Amici, un’esperienza da ripetere, nonostante i detrattori.

«Sono stato scritturato per il mio debutto in teatro in diretta televisiva da un direttore d’orchestra che mi ha sentito in tivù. Ancora non ero un cantante. Avevo la valigia in mano, una passione per il canto, ma quasi da autodidatta. La realtà è che non è un male andare in un luogo estremamente popolare per far sentire la musica classica. Adesso molti l’hanno capito, ma undici anni fa non c’era ancora questa cognizione e fu molto difficile. Mi piacerebbe vedere una donna mettersi in gioco come giovane soprano. Paradossalmente, Cecilia Bartoli, una star internazionale, è saltata fuori con Fantastico di Pippo Baudo. Oggi manca la voglia di far vedere questo mondo dall’interno, di mostrare come noi giovani viviamo la lirica. Se lo capissero, fiorirebbe anche il deserto.»

La lirica e il crossover sono due mondi diversi che meritano rispetto.

«Non penso che chi ascolta un brano crossover poi vada automaticamente in teatro a vedere un’opera lirica. Quando faccio un concerto solista mi sento libero al 100% di sperimentare. La persona che mi sente cantare “Quel grande albero”, o anche “Caruso” di Lucio Dalla, è la stessa persona che mi ascolterà interpretare “Una furtiva lagrima”, e allora forse avrà la voglia di venire a vedermi anche in teatro.»

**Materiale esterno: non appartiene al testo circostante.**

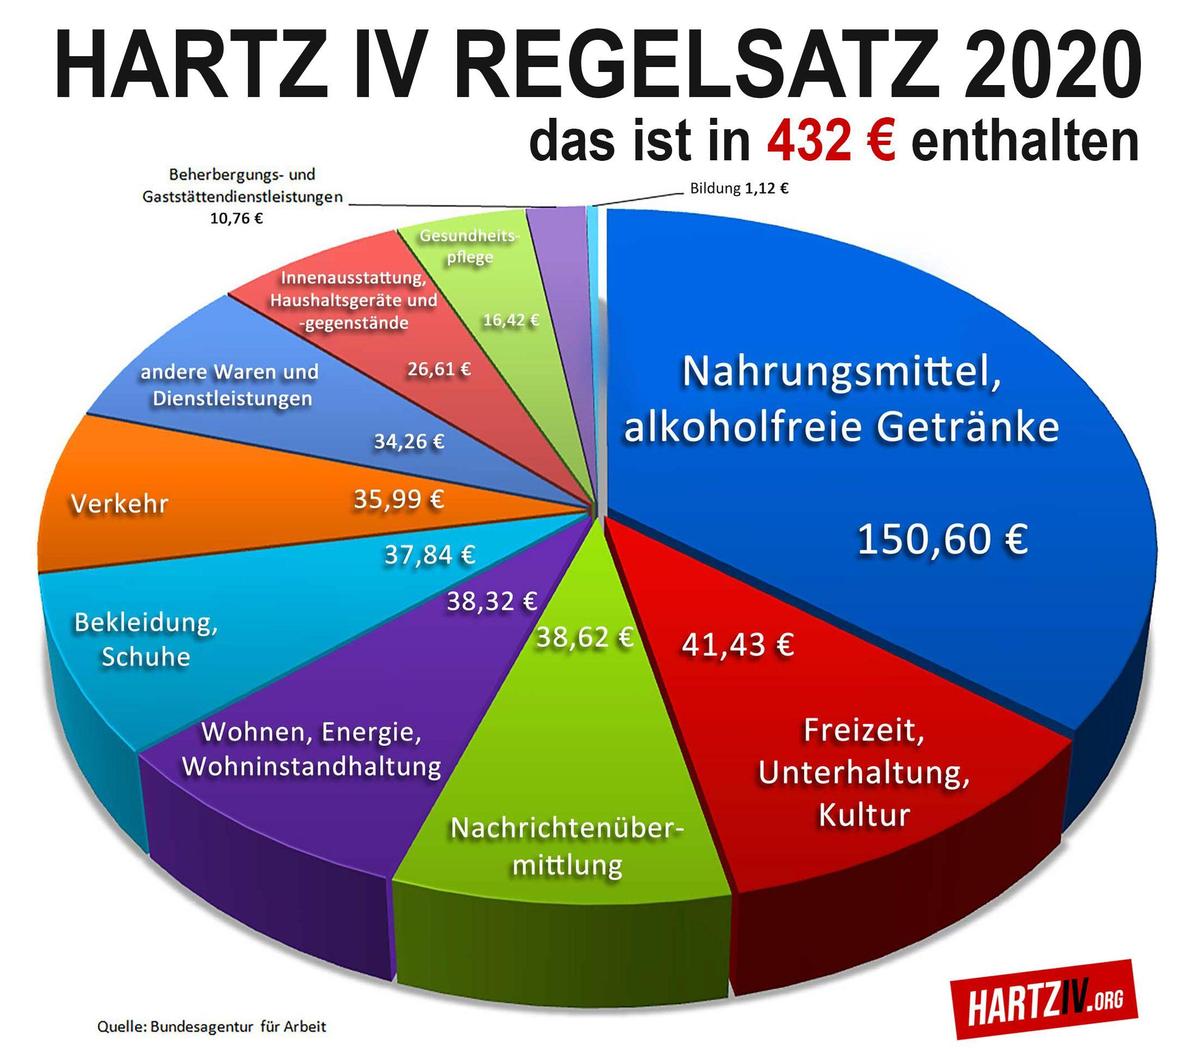 hartz4-regelsatztorte2020-1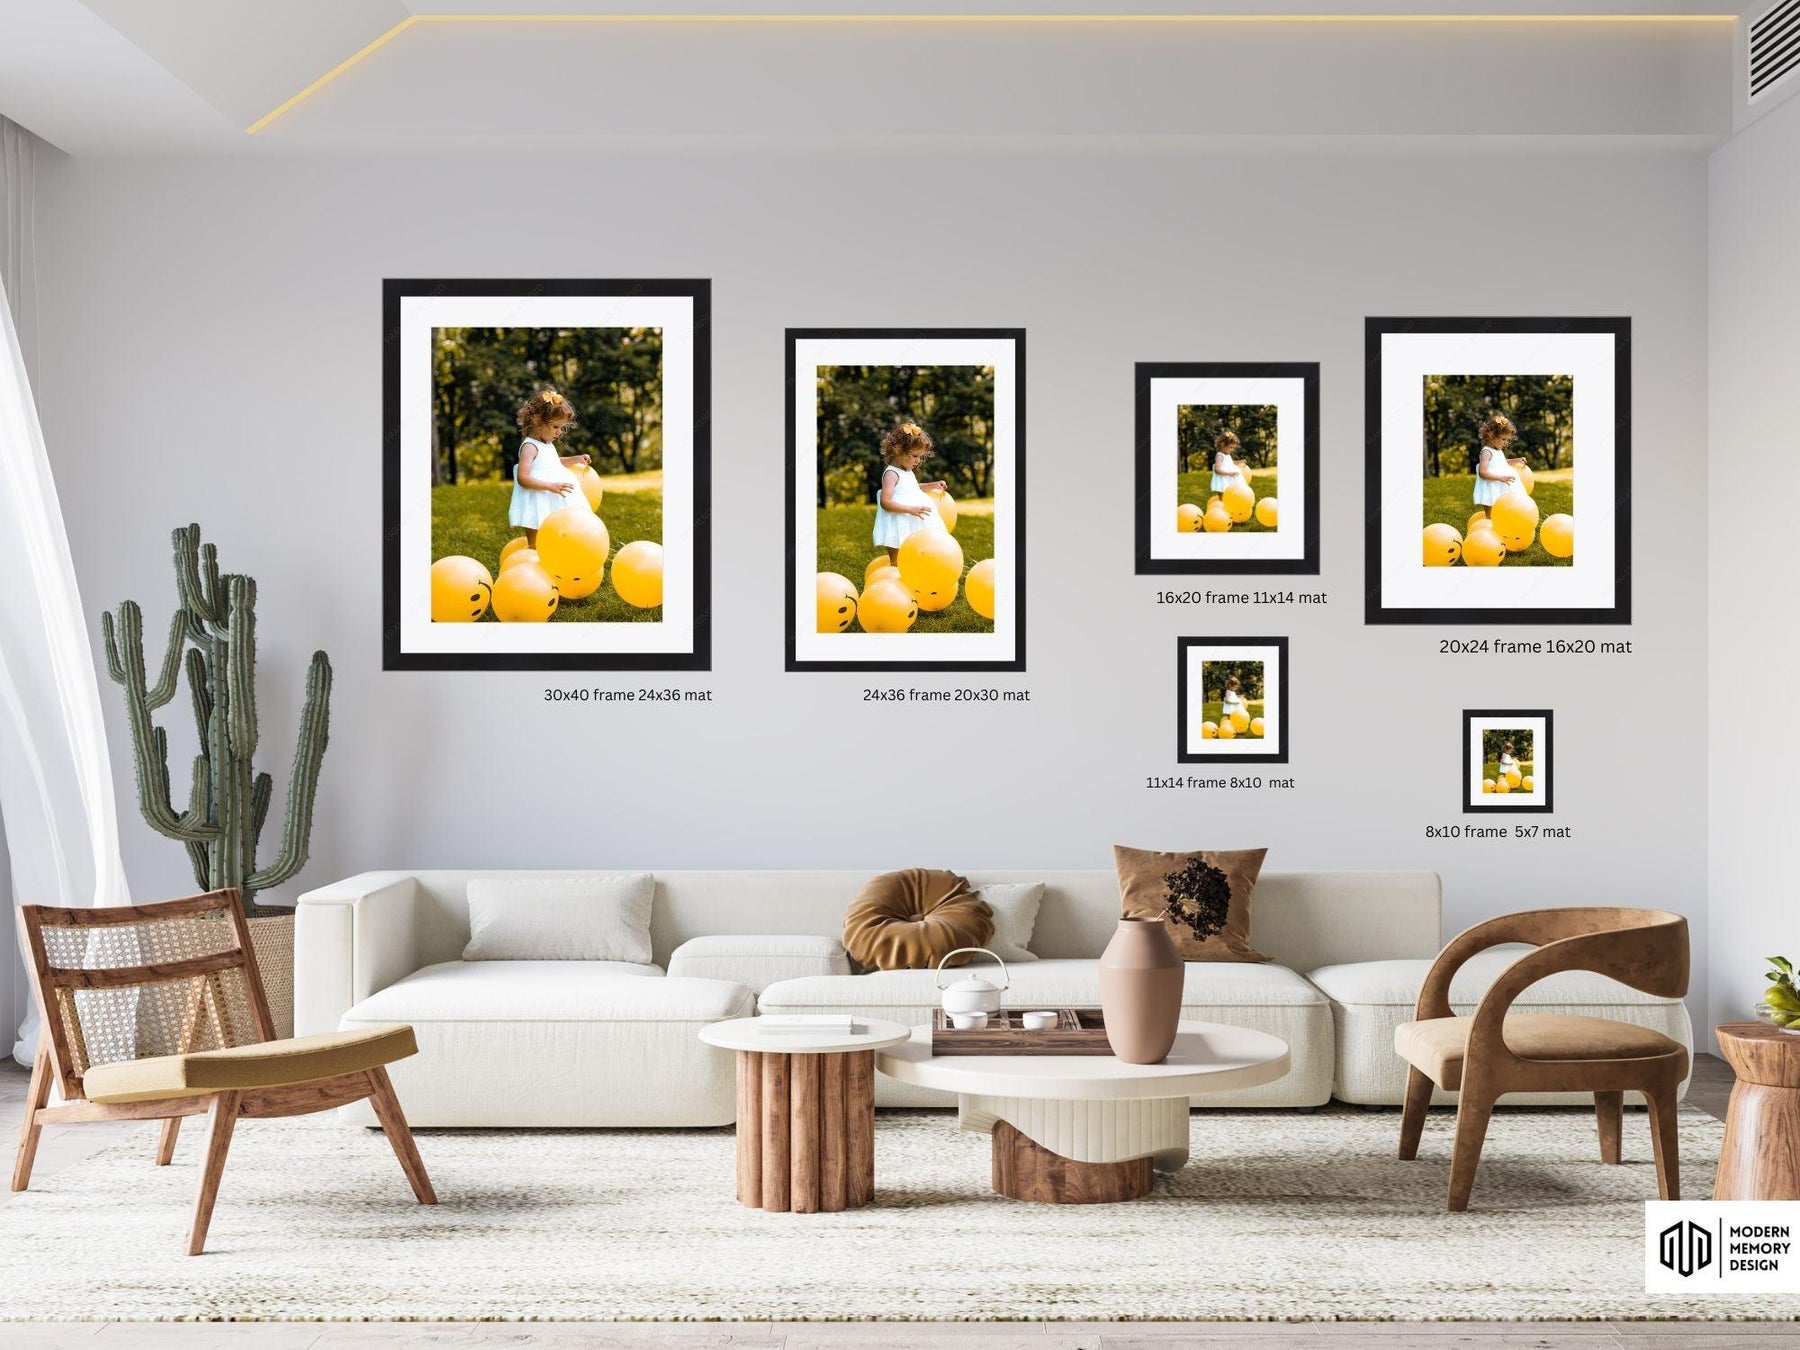 Best online custom picture framing 2023 - Modern Memory Design Picture frames - NJ Frame shop Custom framing

Bisogna sfatare gli stereotipi secondo cui l’opera è solo per l’élite.

«L’opera nasce per il popolo. Il teatro era un luogo di aggregazione sociale, era tutto fuorché l’élite. Giuseppe Verdi non è diventato l’immenso compositore che è perché faceva opere per pochi intenditori. La verità è che non siamo più abituati a educare le nostre orecchie.»

Note d’arte è un connubio tra il patrimonio materiale e immateriale.

«L’idea è quella di portare la musica lirica in luoghi di grande valore storico e artistico. Nasce da me e da Mirca Rosciani, una cara amica e bravissima musicista con la quale ho un sodalizio artistico da tanti anni. Abbiamo ideato questo format iniziando con un primo video a Parma in febbraio, quand’era tutto chiuso per il lockdown, e due mesi dopo a Firenze, nel complesso di Santa Croce, in cui abbiamo registrato Note d’arte 2.»

L’opera è in continua evoluzione.

«Ho deciso di aprire un profilo Patreon dove caricare video musicali esclusivi registrati durante i miei eventi dal vivo, grazie alle riprese di una troupe che mi segue nelle performance live. Voglio metterli a disposizione di tutto il pubblico internazionale, di chi magari non ha la possibilità di andare fisicamente a un concerto. È come se fosse una mia televisione privata, un approccio diverso, insolito, molto interessante nel campo della lirica. È una piccola grande rivoluzione.»